Self-organized network evolution coupled to extremal dynamics

TL;DR

This paper investigates how the co-evolution of network topology and dynamics, modeled through a coupled Bak-Sneppen and fitness network process, leads to self-organized critical states with power-law behaviors.

Contribution

It introduces a novel coupled model of network evolution and extremal dynamics, revealing self-organization into complex states with emergent power-law properties.

Findings

System self-organizes into a non-trivial state

Power-law decay in dynamical and topological quantities

Feedback mechanisms influence network correlation and percolation

Abstract

The interplay between topology and dynamics in complex networks is a fundamental but widely unexplored problem.

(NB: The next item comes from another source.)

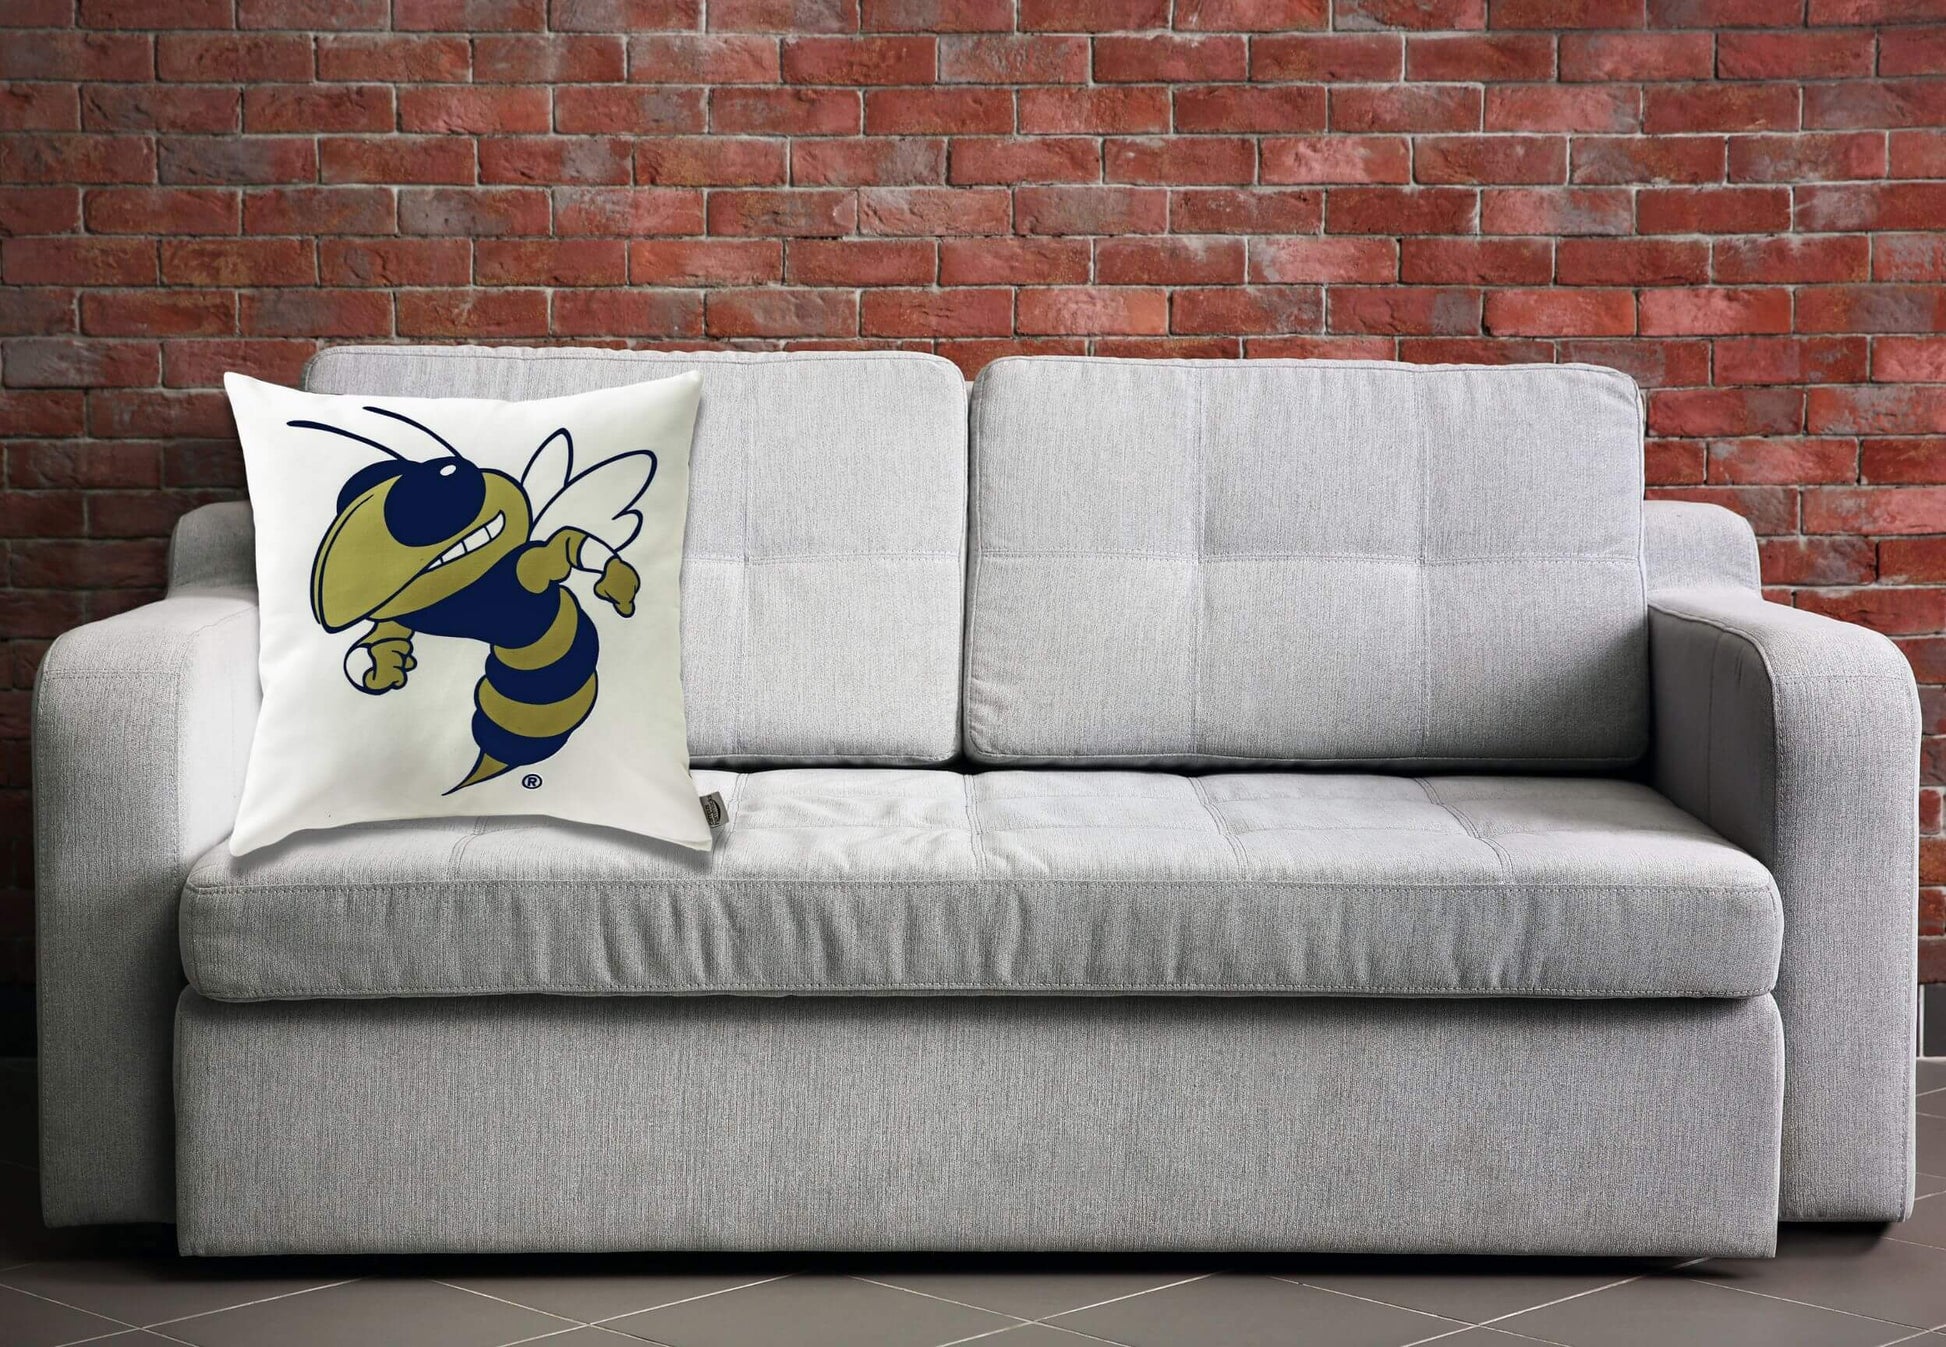 georgia tech mascot pillow in sofa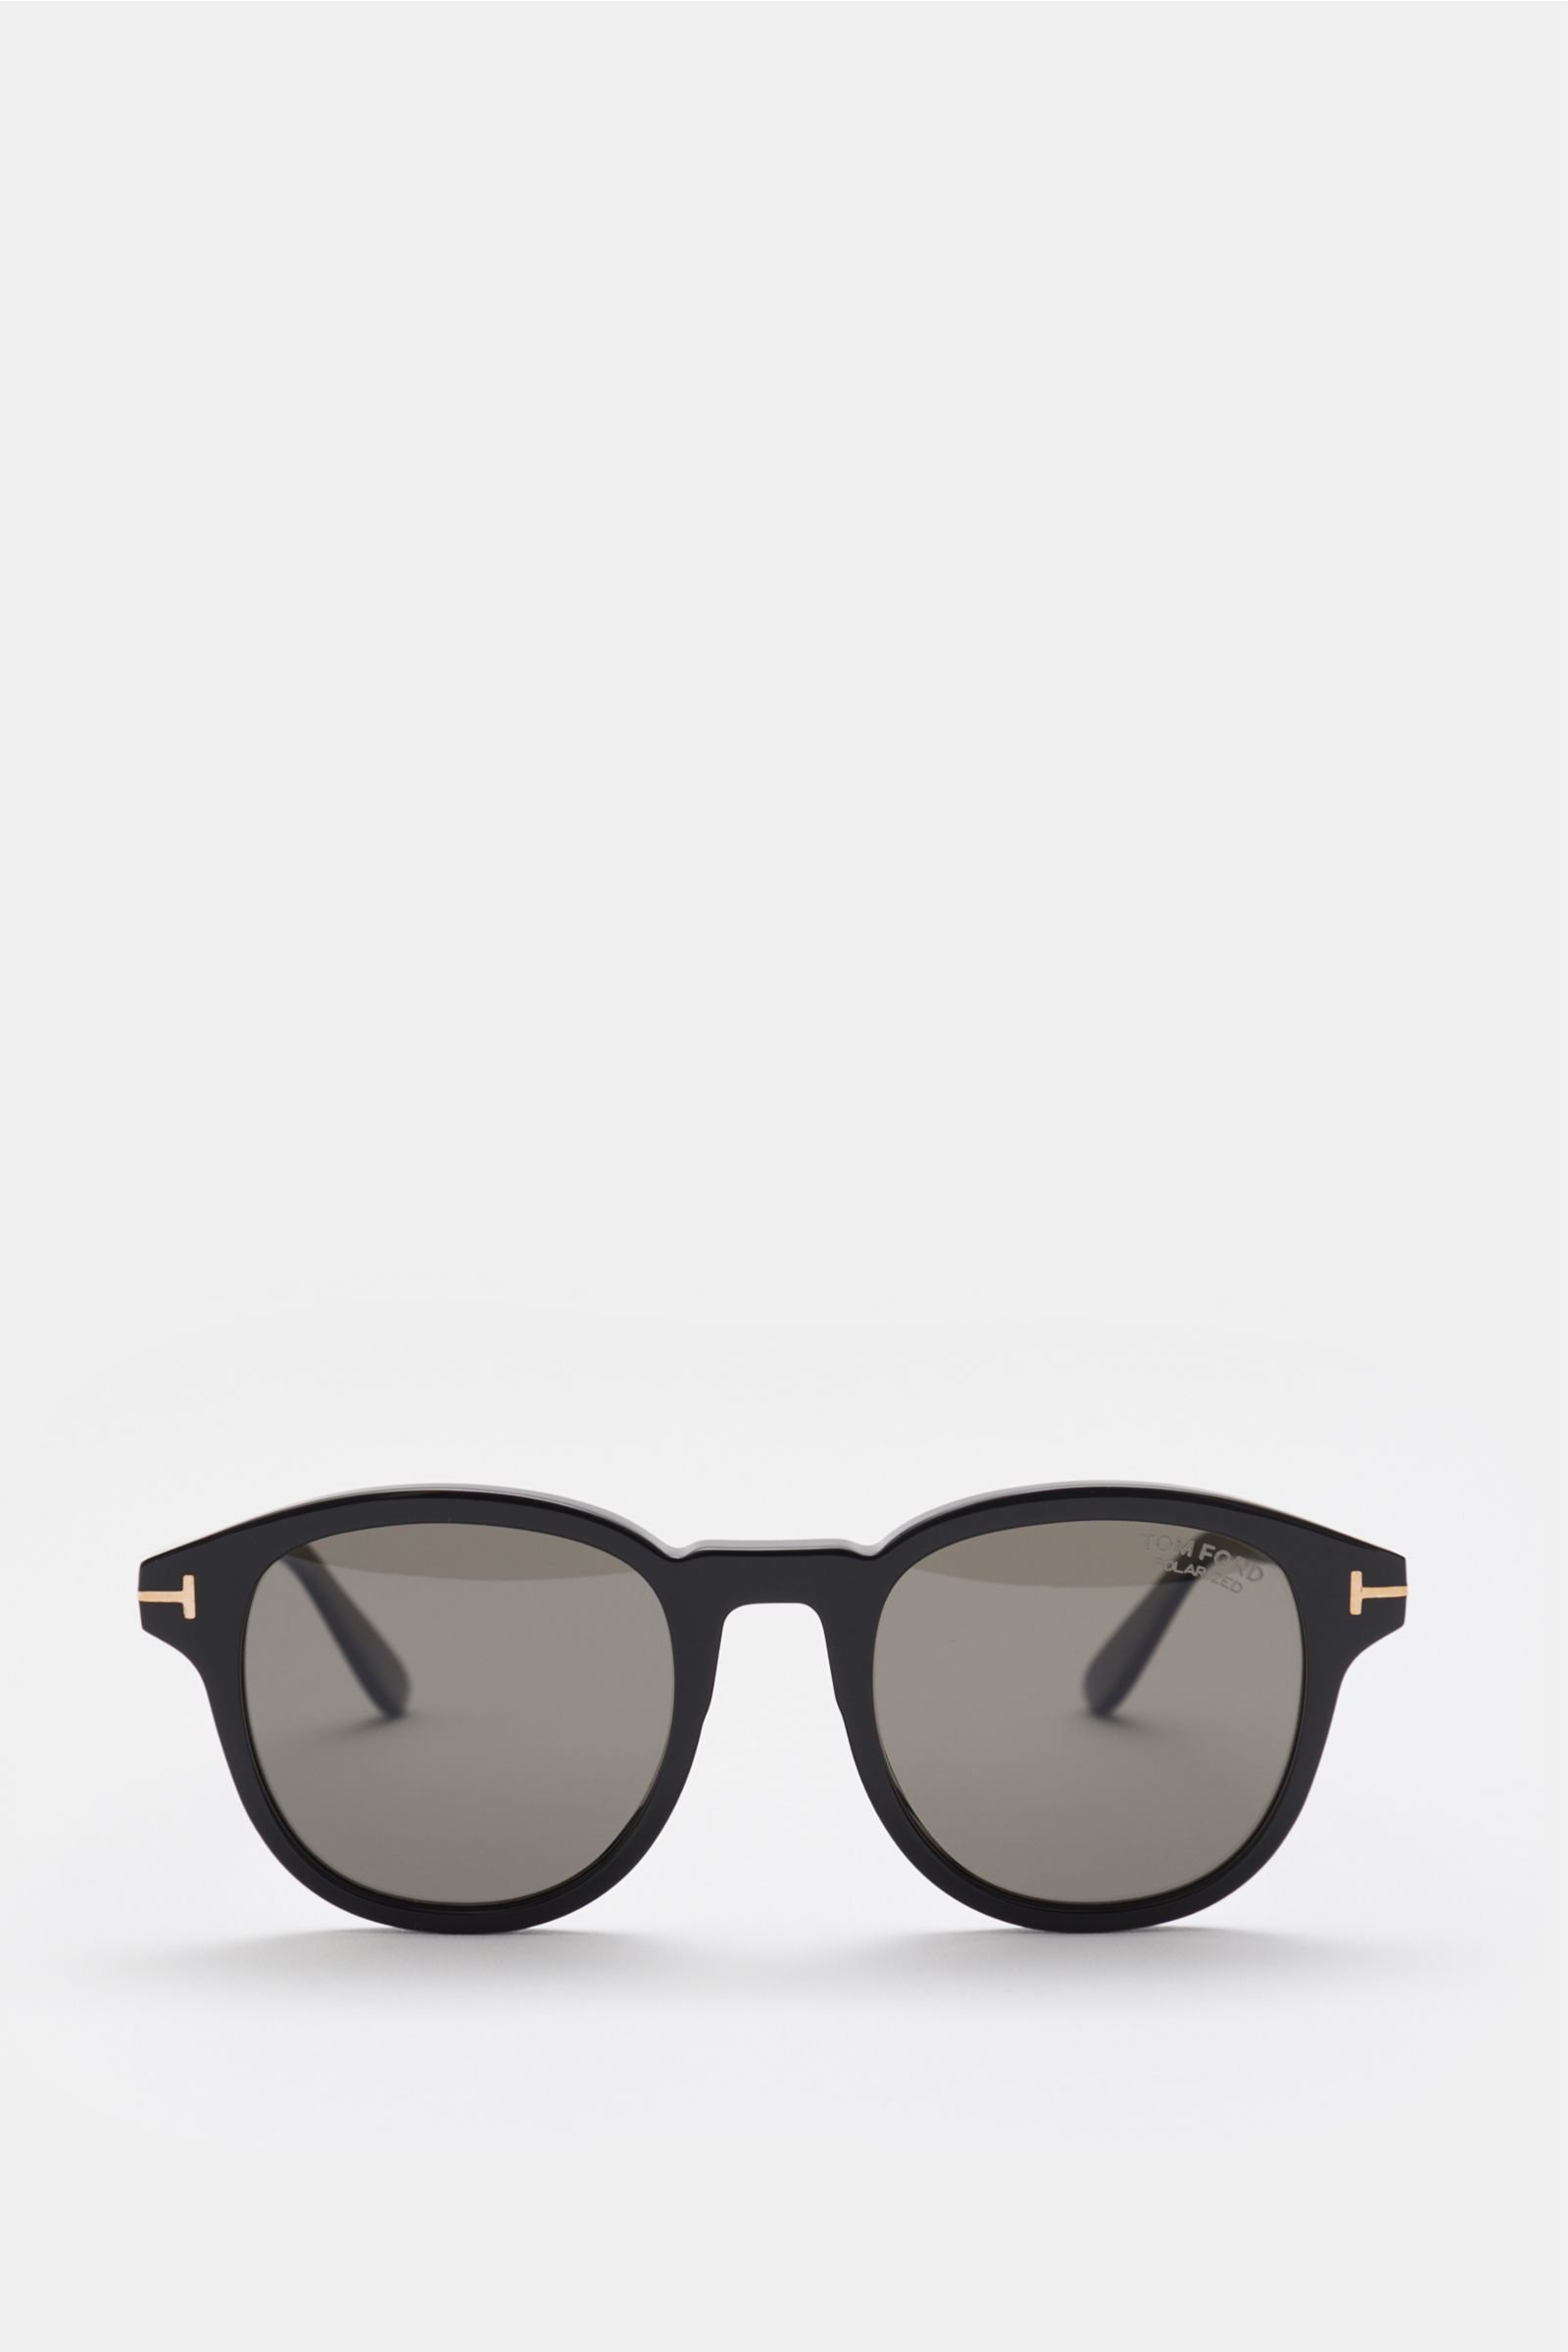 TOM FORD sunglasses 'Jameson' black | BRAUN Hamburg

Here, we study this phenomenon on a prototype model in which the network is shaped by a dynamical variable. We couple the dynamics of the Bak-Sneppen evolution model with the rules of the so-called fitness network model for establishing the topology of a network; each vertex is assigned a fitness, and the vertex with minimum fitness and its neighbours are updated in each iteration. At the same time, the links between the updated vertices and all other vertices are drawn anew with a fitness-dependent connection probability. We show analytically and numerically that the system self-organizes to a non-trivial state that differs from what is obtained when the two processes are decoupled. A power-law decay of dynamical and topological quantities above a threshold emerges spontaneously, as well as a feedback between different dynamical regimes and the underlying correlation and percolation properties of the network.